As usual, I did the Sunday post on Today in Iraq yesterday, which is always a largely grim task, but at least on this occasion -- the weekend before the third anniversary of the invasion -- I had the opportunity to highlight protests and vigils against the war, and memorials for the dead and injured, around the U.S. and the world. Most Americans may have thirsted for some sort of retribution after Sept. 11, 2001, but it took pathological and dishonest leadership -- from both politicians and journalists -- to sell them on this criminal folly. Now that most citizens, and a few humbled news editors, have awakened to the truth, their sense of betrayal and anger is palpable.
But now that the people are starting to grasp reality, we get the really bad news. American democracy is a sham. The putative opposition party is faced with a president who led the nation on a criminal agression with a campaign of lies; demolished a century of progress in international norms of state behavior in the pursuit of grandiose delusions; repeatedly violated the law and the constitution, and fundamental standards of human decency, and claims the absolute right to do so, with no accountability to anyone; and has set the nation on an inevitable path of financial and environmental catastrophe for the sole purpose of further enriching the already obscenely wealthy.

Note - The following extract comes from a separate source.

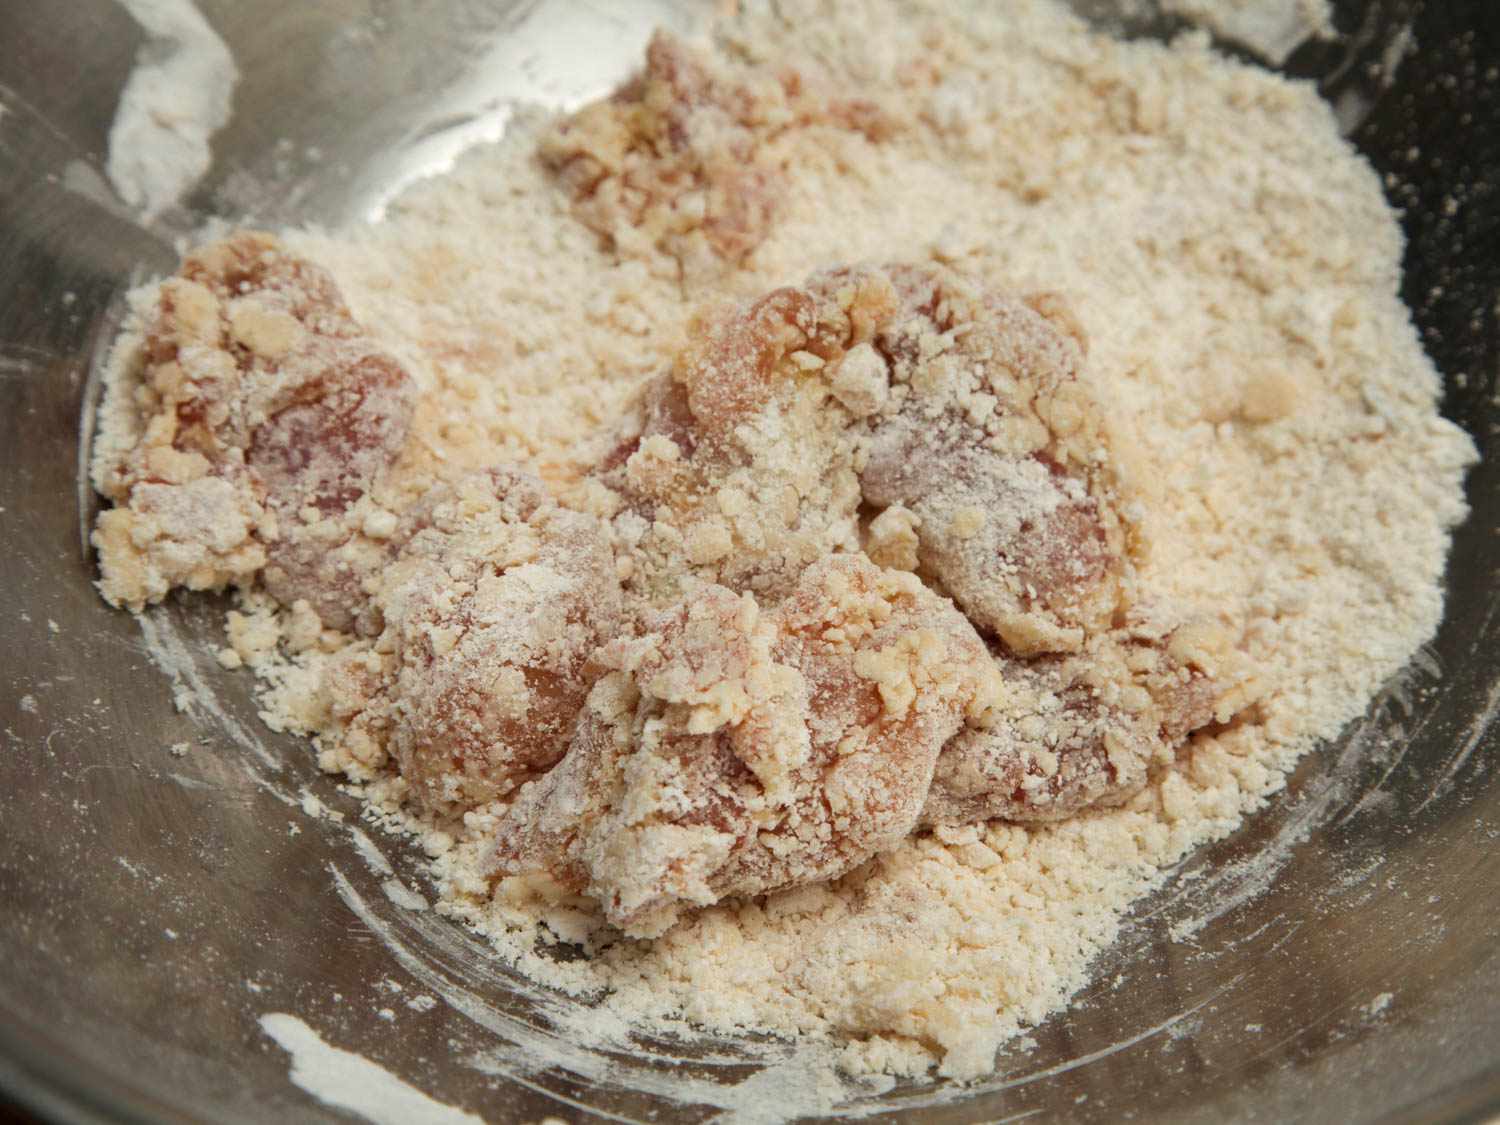 Boneless chicken thighs soaked in egg marinade and dredged in a semi-moist breading of flour and cornstarch.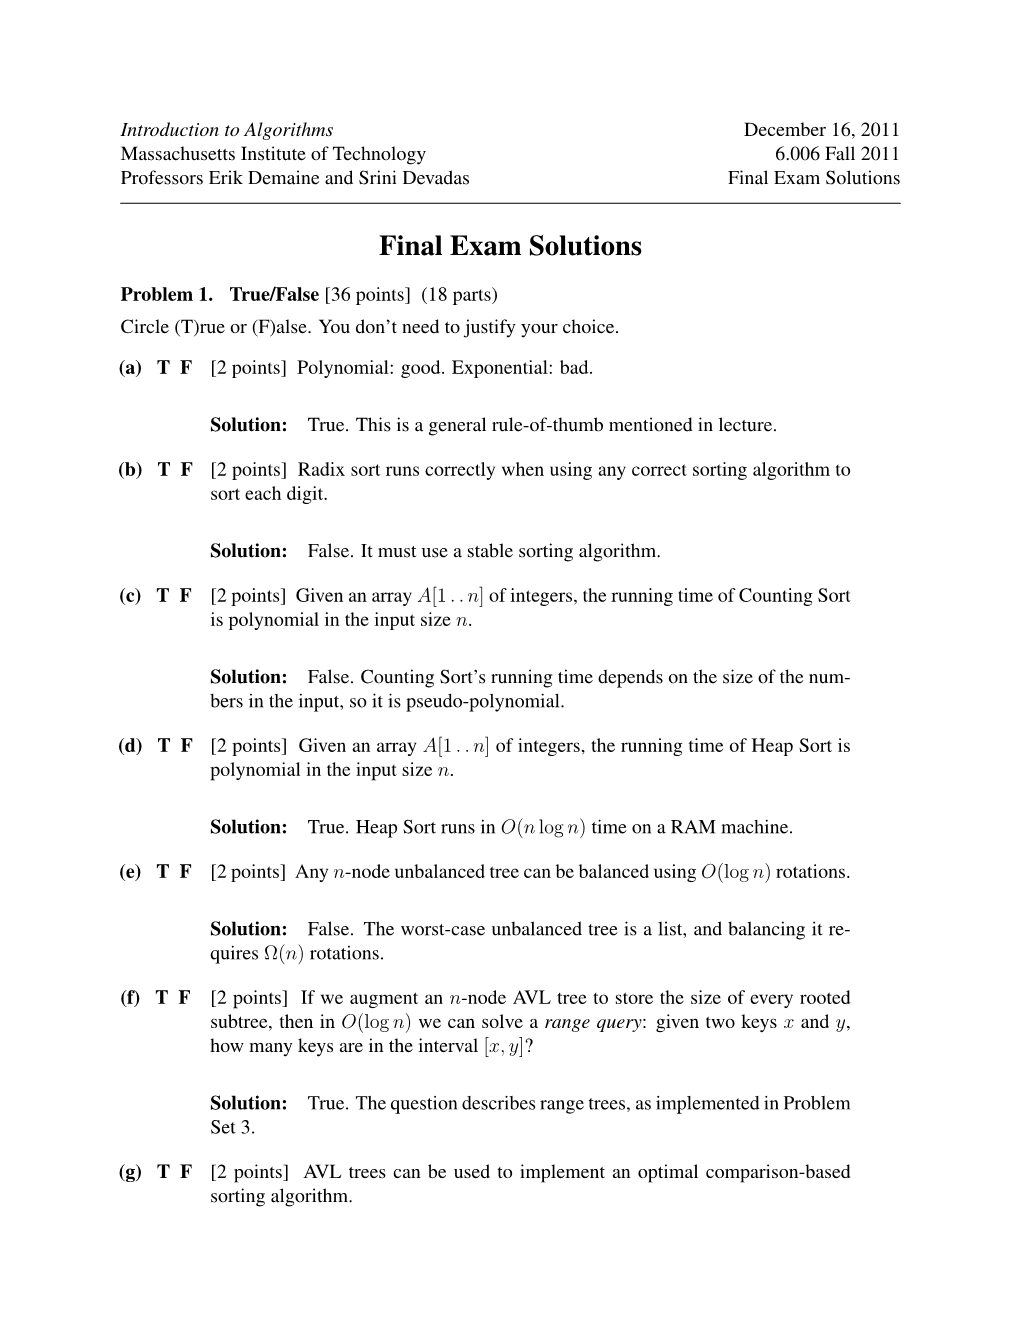 6.006 Introduction to Algorithms, Fall 2011 Final Exam Solutions

Yet the Democratic leadership is far more anxious to repudiate any suggestion that the administration should be held accountable for its crimes than it is to propose any alternative policies. Most observers predict it is very unlikely that control of Congress will change in the November elections, and one reason -- apart from gerrymandering, the dispositive role of money and television advertising in politics, and the widespread practice of electoral fraud and suppression of Black voting -- is that the Democrats have no message, no policies, no vision, evidently no political ideas of any kind. The supposed front-runner for the Democratic nomination has two big ideas: cheering on the war, and banning flag burning. When a Democratic representative, a decorated combat veteran, calls for withdrawing from Iraq, his Democratic colleagues run away from him like cockroaches scattering in the light -- even though the overwhelming majority of their constituents agree with him.
Anyone care to offer an explanation?